Did the spec actually get persisted somewhere we can audit?
Does the ledger reflect what really happened?
If the run pauses mid-line, can a human read the state and resume it?
When /tmp is gone, is there still evidence the work happened?

The earlier /tmp run proved the pipeline could produce code. This run proved the pipeline could produce code plus a durable record of the production. That second thing is what makes a factory a factory and not a one-shot demo.

What it doesn’t do yet

A few honest limitations:

The factory doesn’t open a PR yet — the artifact lives in state/factory-artifacts/, not on a feature branch in a target repo.
“Greenfield” means scaffolded from scratch each time. The next gap is brownfield runs against existing repos, where the bookkeeping problem multiplies.
The reviewer is pattern-matching against the spec, not running the app through a fuzzer. A reviewer that uses the app would catch a different class of bug.

Why this matters

Per the analyst, the next factory gap is to standardize stage semantics between the standard runner and the foreman runner so greenfield artifacts don’t need manual interpretation when they pause. That’s a bookkeeping change, not a model change.

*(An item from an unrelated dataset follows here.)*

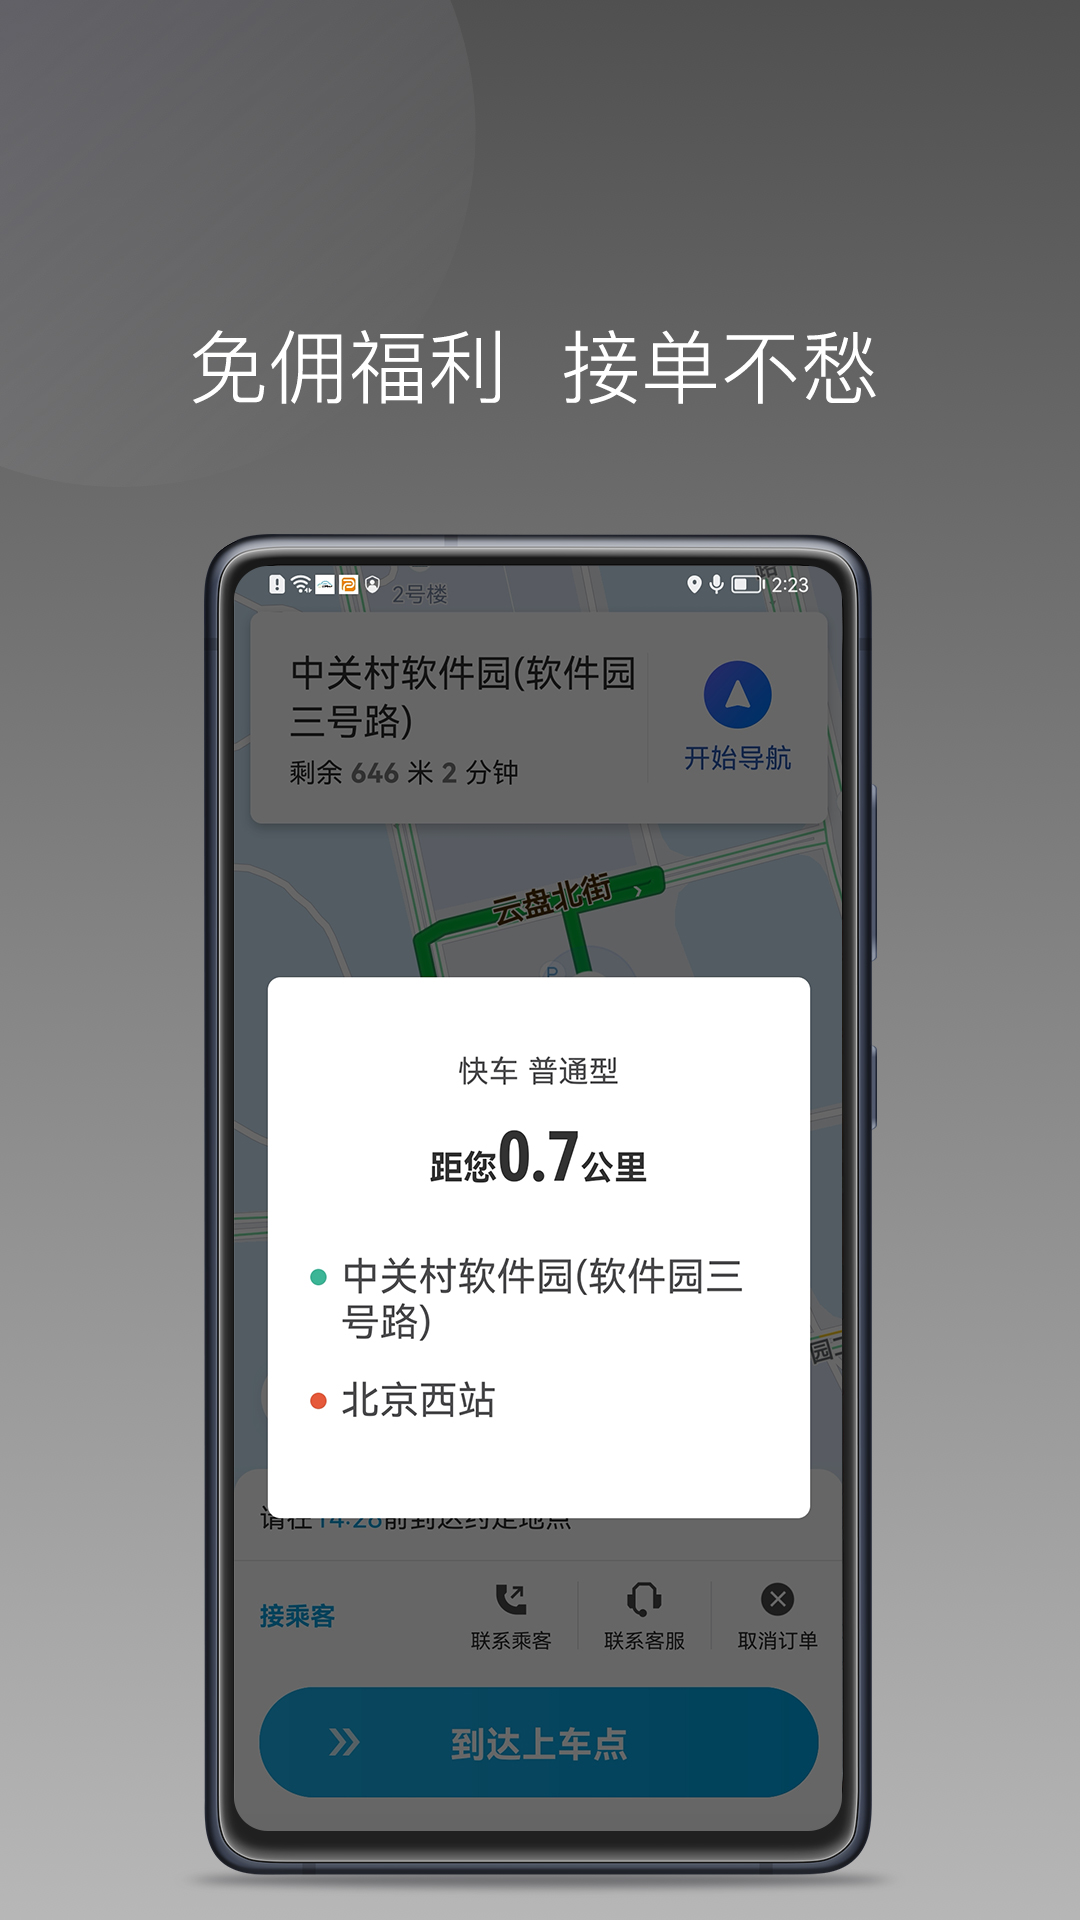 益民出行司机端1.7.0版本app下载老版本图2:

That’s what the factory looks like in practice. The model writes the code. Everything around the model — scoping, scaffolding, verifying, reviewing, recording — is the actual engineering.

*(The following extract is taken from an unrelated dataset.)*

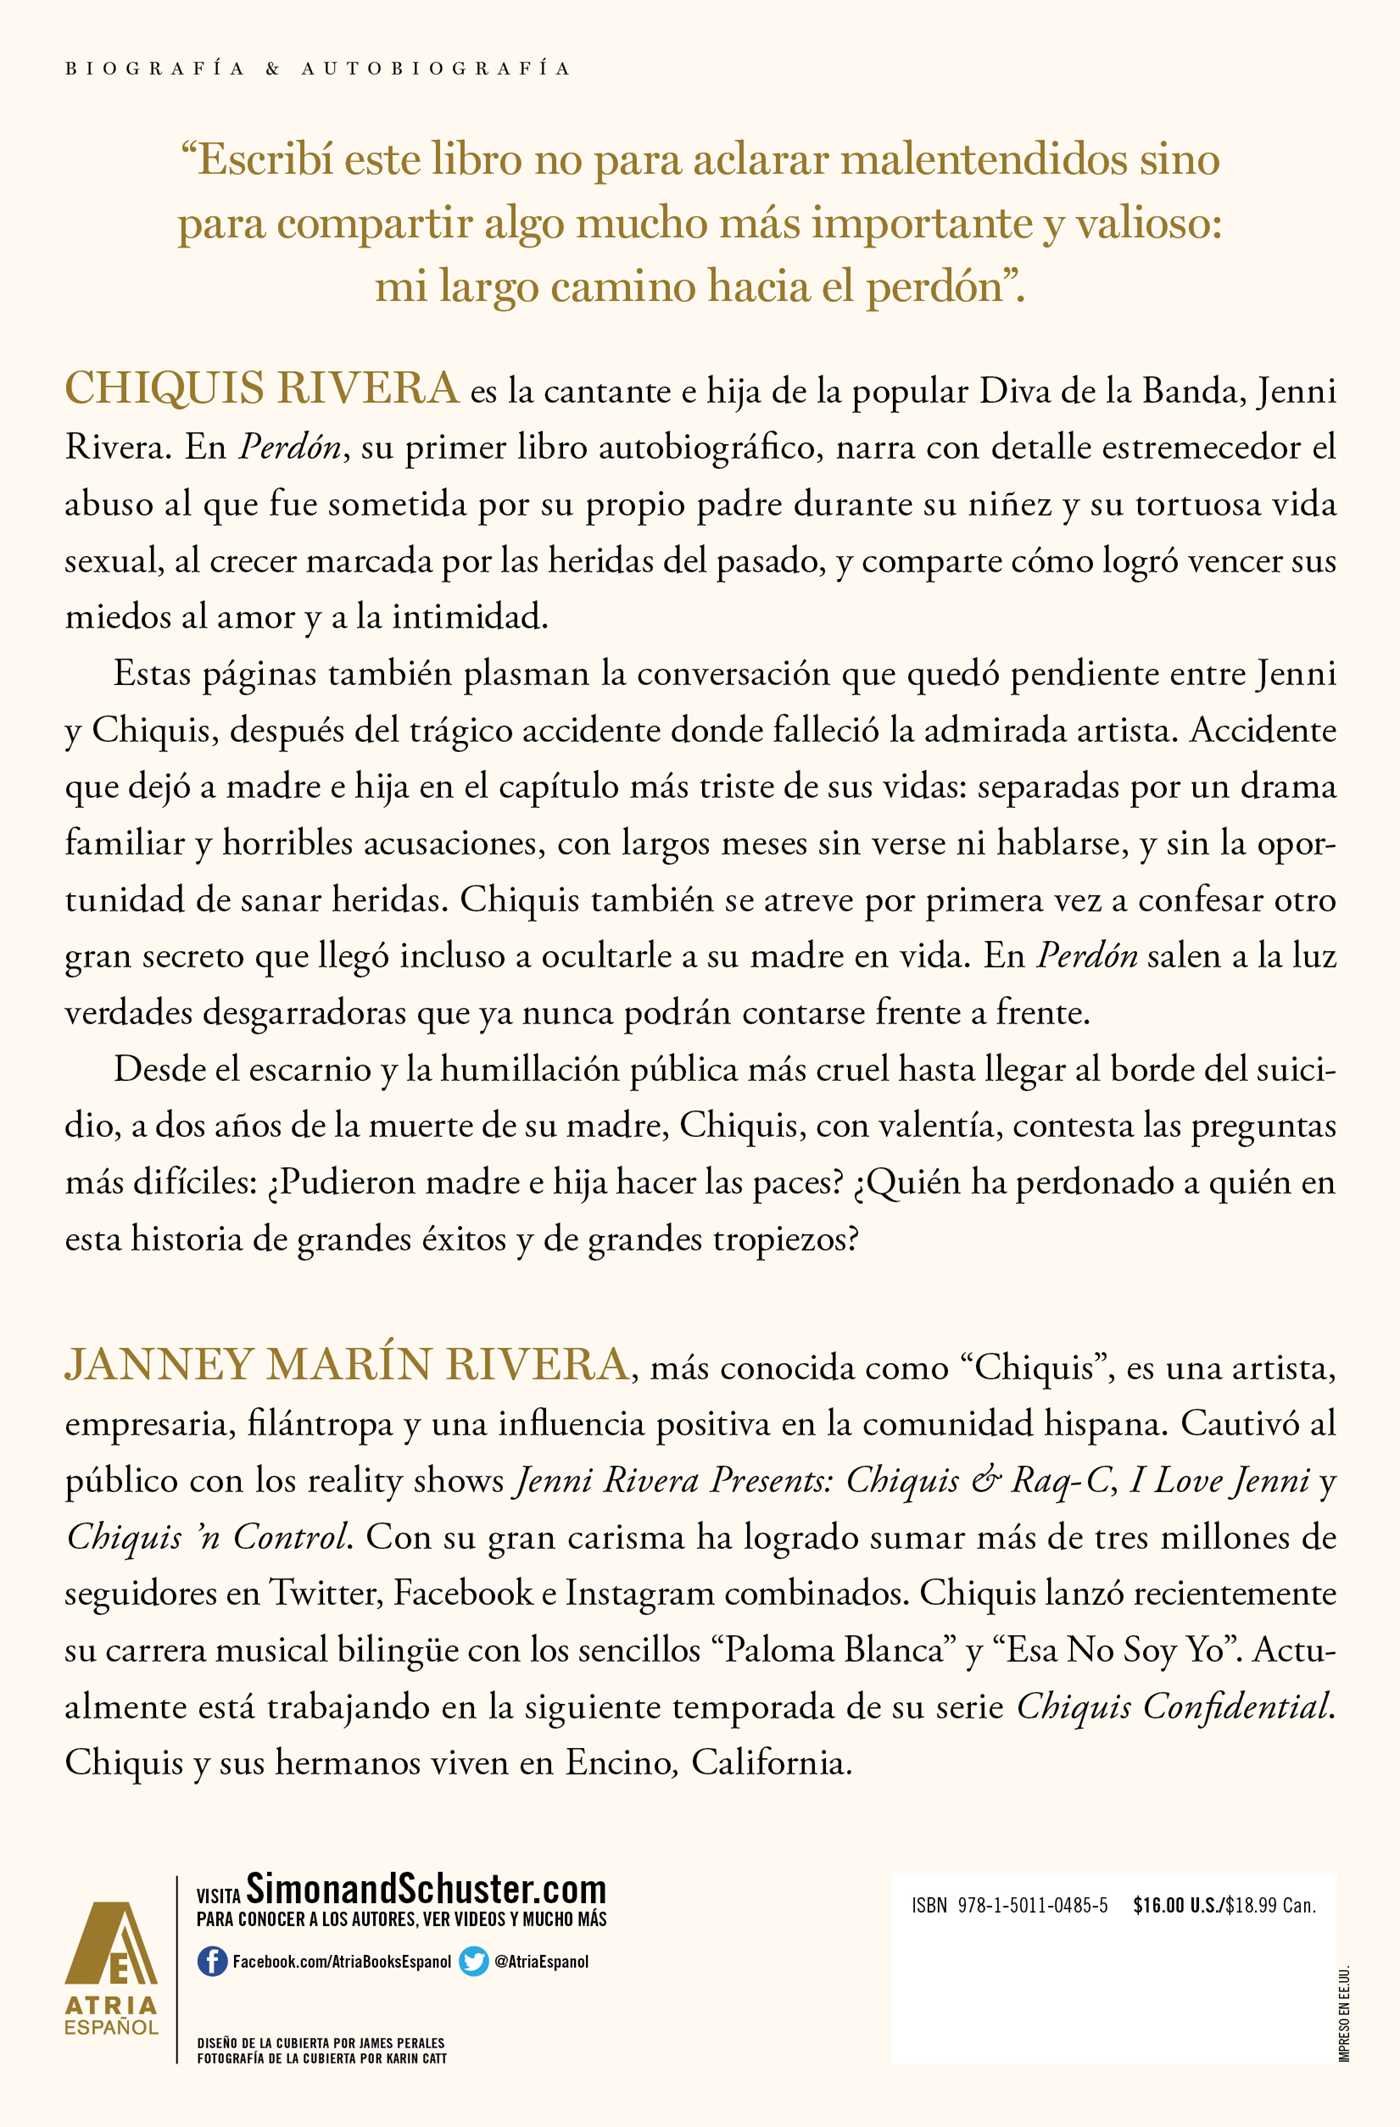 Perdón (Forgiveness Spanish edition) (Atria Espanol)

Source: ErikBjare/bob#661 — Software Factory parent task.

Artifact tree:

state/factory-artifacts/todo-list-v2/
├── app/                    # working Vite + React + TS project
└── .factory-run/           # full pipeline trace
    ├── scout.md
    ├── scaffold.md         (+ scaffold-1.log)
    ├── implement.md
    ├── builder.md          (+ builder-1/2/3.log)
    ├── verifier.md         (+ verifier-1.log)
    ├── verify.md
    ├── review.md
    ├── analyst.md
    └── mobile-375.png      # 375x812 acceptance screenshot